- Church: Anglican Church of Mozambique and Angola (IAMA)
- Diocese: Lebombo
- In office: 2014–2024
- Predecessor: Dinis Sengulane
- Other posts: Acting Presiding Bishop, IAMA (2021–2024)
- Previous post: Dean of Maciene Cathedral

Orders
- Ordination: 6 January 1980
- Consecration: 20 September 2014 by Thabo Makgoba

Personal details
- Born: 2 October 1954 (age 71) Homoine, Mozambique

= Carlos Matsinhe =

Mozambican Anglican bishop (born 1954)

Carlos Simão Matsinhe (born October 2, 1954) is a Mozambican Anglican bishop. He was the 11th Anglican bishop—and the second Mozambican-born bishop—of the Lebombo, Mozambique. Matsinhe is also chairman of Mozambique's National Electoral Commission.
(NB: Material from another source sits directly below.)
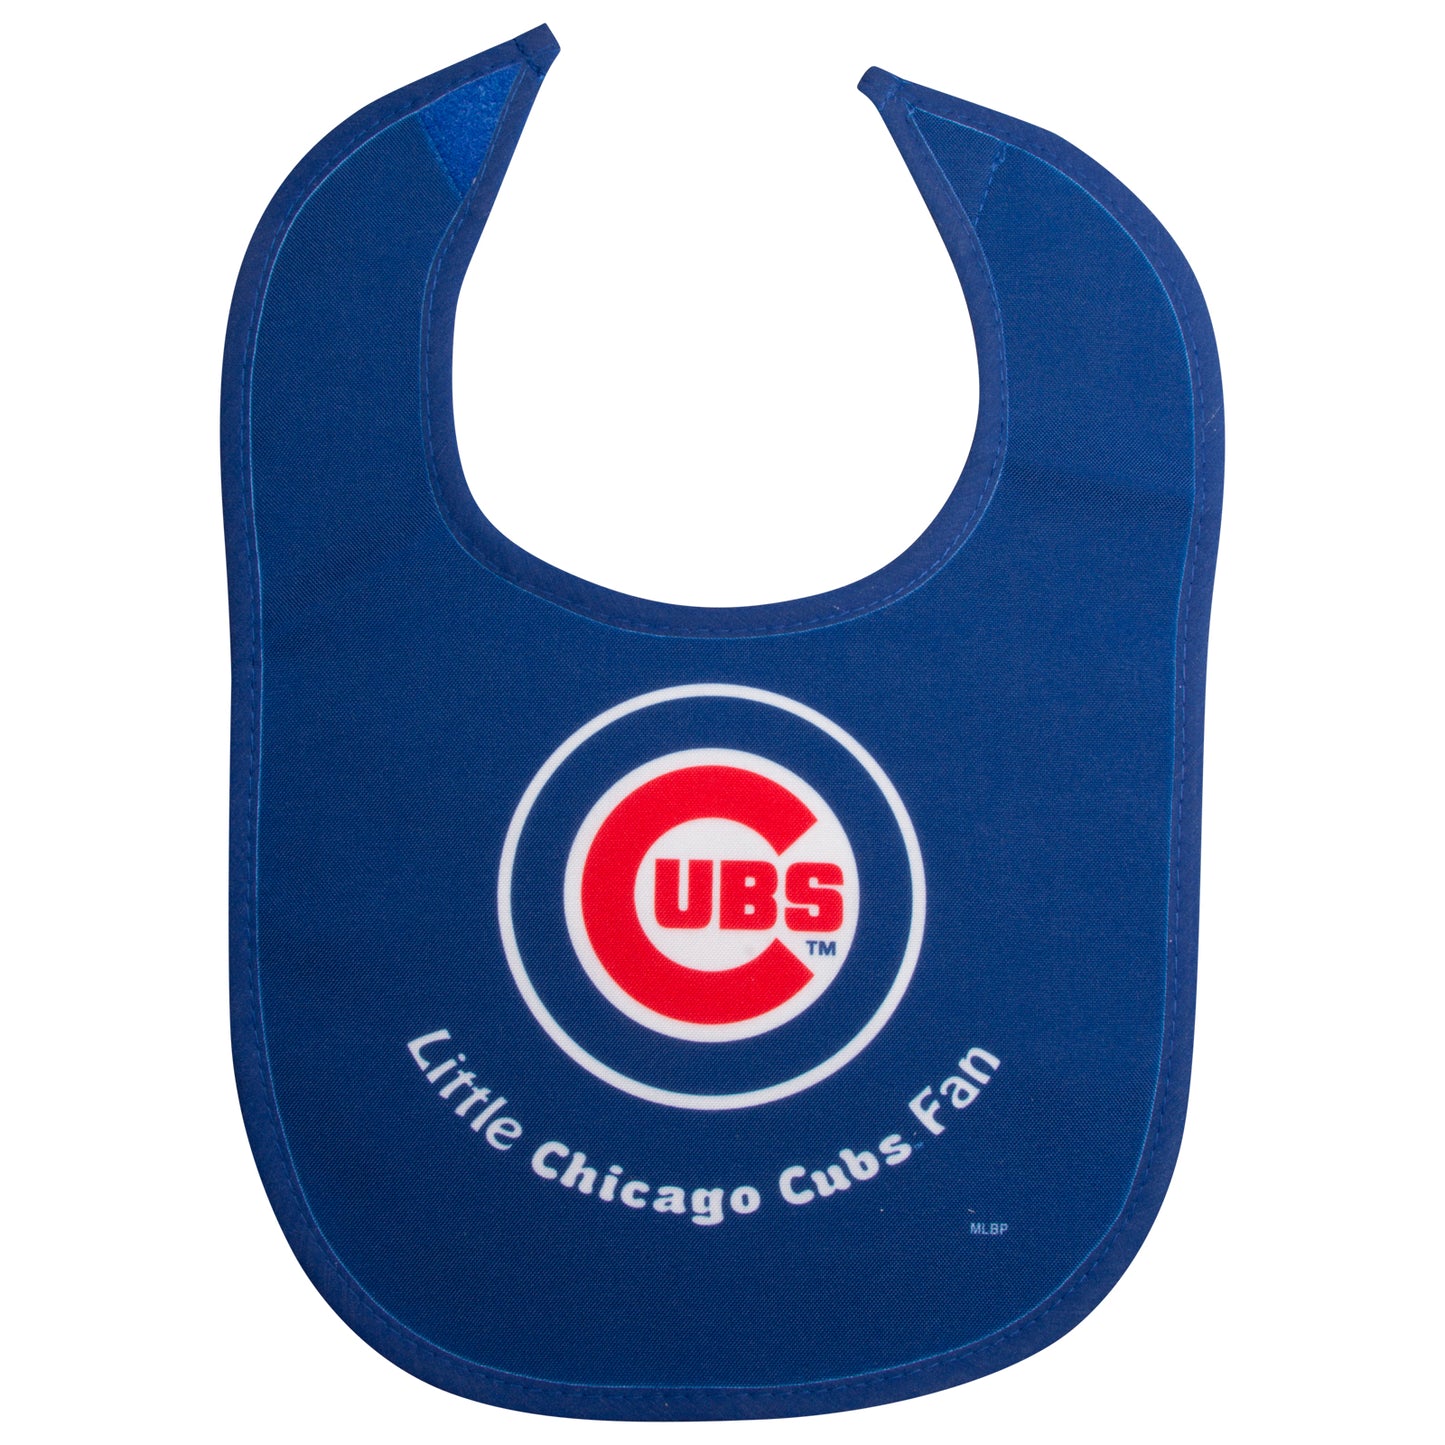 Chicago Cubs Royal "Little Chicago Cubs Fan" Baby Bib

==Early life and education==
Matsinhe was born in Homoine, Mozambique. He was educated in a nearby Roman Catholic missionary school and subsequently went to Our Lady of the Immaculate Conception College in the city of Inhambane.
Supported by former Bishop Daniel Pina Cabral, from 1975 to 1979, Matsinhe studied theology and trained for priesthood at St. Mark Anglican Seminary in Dar-es-Salaam, which was affiliated to Makerere University one of Africa's oldest higher learning institutions.

==Ministry==
Matsinhe was made deacon in 1979 while simultaneously working as a translator and time and standards technician at Mabor General, a state owned tyre manufacturing company. On January 6, 1980, he was ordained priest and then became rector to the parish of SS. Stephen and Lawrence, and later dean of St. Augustine's Cathedral, from 1998 to 2014. During his tenure he also acted as a chaplain to the Anglican youth (1981–1987), chaplain to The Mission to Seafarers, a role he remembers with great joy. “That was one of my doors to the world. When a ship arrived I had to be there to welcome the seamen, show them the Post Office...because at that time boats spent long periods docked in the port.” While at St. Stephen and St. Lawrence, Matsinhe and congregation members developed a Street Children Rehabilitation Centre which sought to provide shelter, education and re-integration of street children in society. The centre also trained children in soap-making, sewing, batik, visual arts and lasted nearly 25 years. In the 35 years of work for the diocese, Matsinhe also coordinated a theological exchange program with Brazil, England, Sweden, and the U.S., and represented the Anglican Church of Southern Africa in the 7th General Assembly of the World Council of Churches in Canberra, Australia.

==Education career==
Matsinhe played a major role in education and is widely regarded has one of the pioneers in the development of the private education sector in post-Marxist Mozambique, to help curb the shortage of college places in the public system. In collaboration with the DanChurchAid, Matsinhe fundraised and coordinated the construction of The Anglican School of St. Cyprian in Maputo. This facility accommodated about 1,500 students a year and catalyzed the creation of a network of private colleges in Maputo. Matsinhe was also central in the creation of the Paulo Mabumo Arts Centre, an arts and craft centre training artisans in embroidery, weaving, dying and making of recycled paper using leaves, bark, roots, petals, and recyclables. Recently he also worked with ALMA London, in the reconstruction of the Maciene primary and secondary school. Since his appointment to Bishop of Lebombo, Matsinhe has turned his focus to the development and construction of a theology school, set to also serve candidates to priesthood from Angola.

==Land Law==
Former president of the Mozambican Association of Mutual Aid (ORAM), Matsinhe also contributed in the revision and extension of the Land law. Acting as an interlocutor between peasants and the state, promoted accessibility of land and dissemination of information on Land rights and Protection mechanisms. Advocating a non-privatization of the land, ORAM is now proposing a revision of the mining law to ensure transparency and ethics in the exploitation of the vast natural gas reserves resources that the country now sits on.

==Bishop of Lebombo==
Matsinhe emerged as a candidate to be the next bishop of Lebombo in March 2014, when the Rt. Revd. Dinis Sengulane announced his retirement after leading the church for 38 years. His election as the Bishop of Lebombo took place on August 10, 2014 at St. Augustine's Cathedral after a voting process led by Thabo Makgoba, the Archbishop of Cape Town. Matsinhe was consecrated Bishop of Lebombo on September 28, 2014, at Pavilhão do Maxaquene. Following the formation of the Anglican Church of Mozambique and Angola (IAMA) in 2021, Matsinhe served as acting presiding bishop.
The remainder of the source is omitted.